What makes this spending growth remarkable is that it's happening while traditional television advertising declines. Linear TV ad spend is projected to fall to $55.2 billion in 2025, down 7% from 2024, according to MediaPost analysis. The combined TV advertising market (linear plus streaming) is approaching $90 billion, with streaming capturing an increasingly larger share each year.
The programmatic share of this spending tells its own story. Approximately 84% of CTV advertising, or roughly $27 billion, is now purchased programmatically rather than through traditional direct sales relationships. This programmatic infrastructure is what makes streaming TV accessible to smaller advertisers: the same technology that serves a Fortune 500 brand's campaign can serve a local business's $500 test, because the buying mechanisms are automated and scalable.
Breaking down the numbers
Understanding where that $33 billion goes reveals the structure of the streaming advertising market and highlights opportunities for different types of advertisers.
By platform category
The streaming TV advertising market divides into several distinct categories:
Premium subscription streamers with ads: Netflix, Disney+, Max, Peacock, Paramount+
FAST services (Free Ad-Supported Streaming TV): Tubi, Pluto TV, The Roku Channel, Freevee
YouTube (on TV screens): The largest single streaming destination
Virtual MVPDs: YouTube TV, Hulu Live, Sling TV, fuboTV
Publisher apps on CTV: Network apps, sports apps, news apps
Premium streamers have become significant advertising platforms remarkably quickly.

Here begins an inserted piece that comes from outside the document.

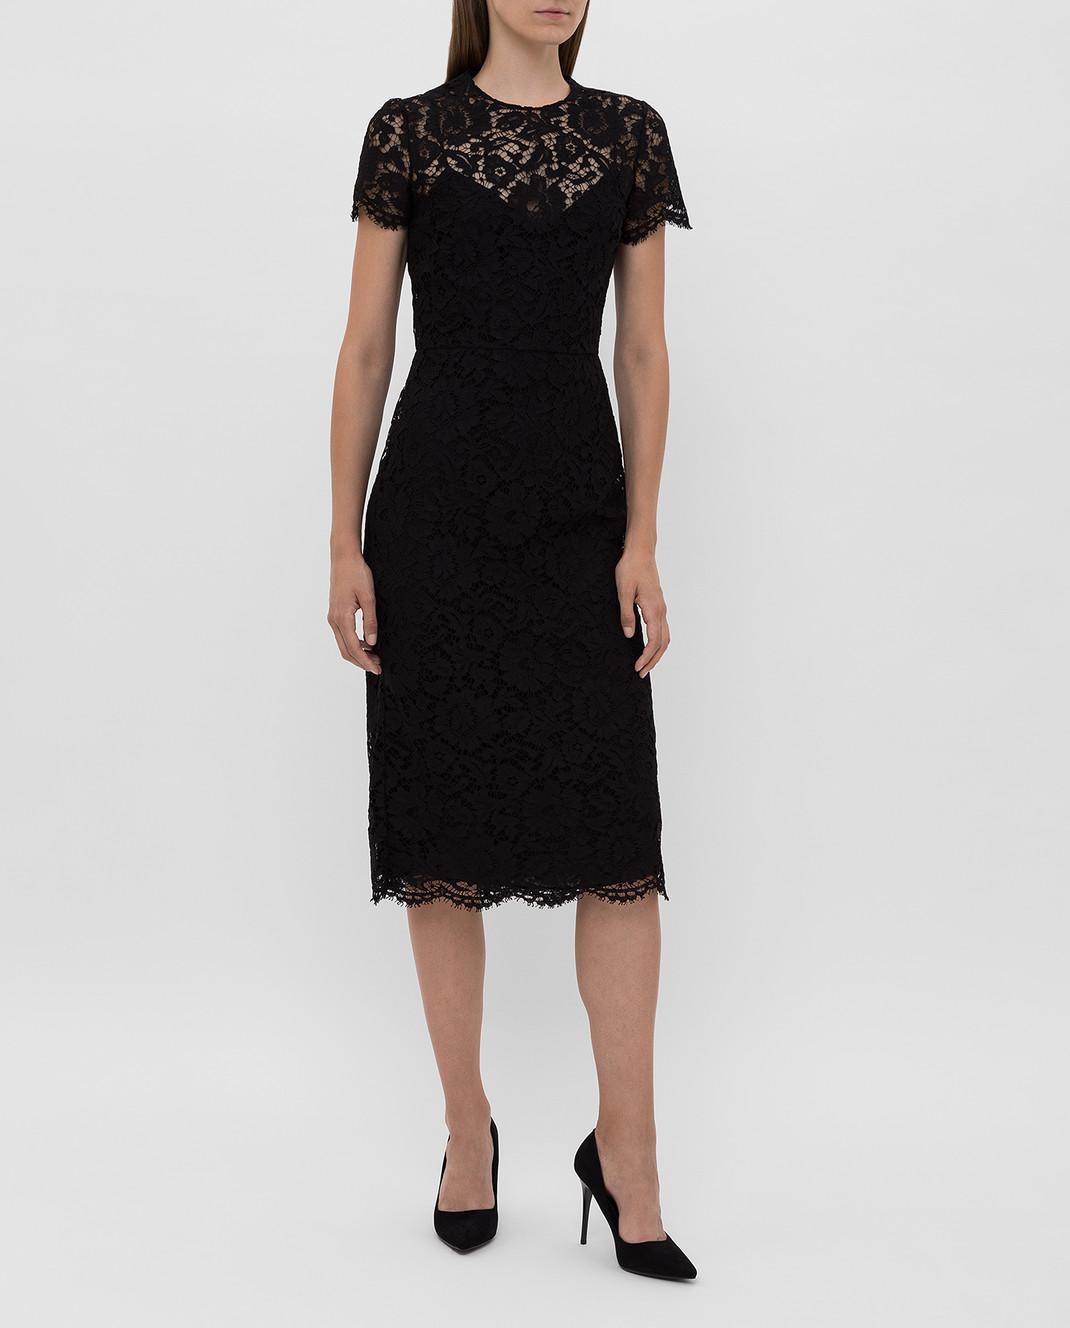 Valentino Черное платье из кружева SB3VABP51EC изображение 2

Netflix's ad-supported tier, launched in late 2022, now reaches 94 million monthly active users globally and generated $662 million in ad revenue in Q3 2025 alone. Disney+ reports 157 million monthly ad-supported viewers worldwide, with projected 2025 ad revenue of approximately $1.1 billion. Hulu remains the largest ad-supported streaming service by revenue, projected to generate over $4 billion in advertising in 2025.
FAST services collectively represent the fastest-growing segment of streaming advertising. Tubi, Pluto TV, and The Roku Channel combined capture over 5% of all U.S. TV viewing time and offer advertisers significantly lower CPMs than premium services, typically $15-20 compared to $25-40 for premium inventory.
By buying method
The programmatic revolution in streaming TV has fundamentally changed how advertising is bought and sold:
Programmatic guaranteed: ~35% of spend (pre-negotiated deals executed programmatically)
Private marketplace (PMP): ~30% of spend (invitation-only auctions)
Open exchange: ~19% of spend (real-time bidding on available inventory)
Direct/IO: ~16% of spend (traditional insertion orders)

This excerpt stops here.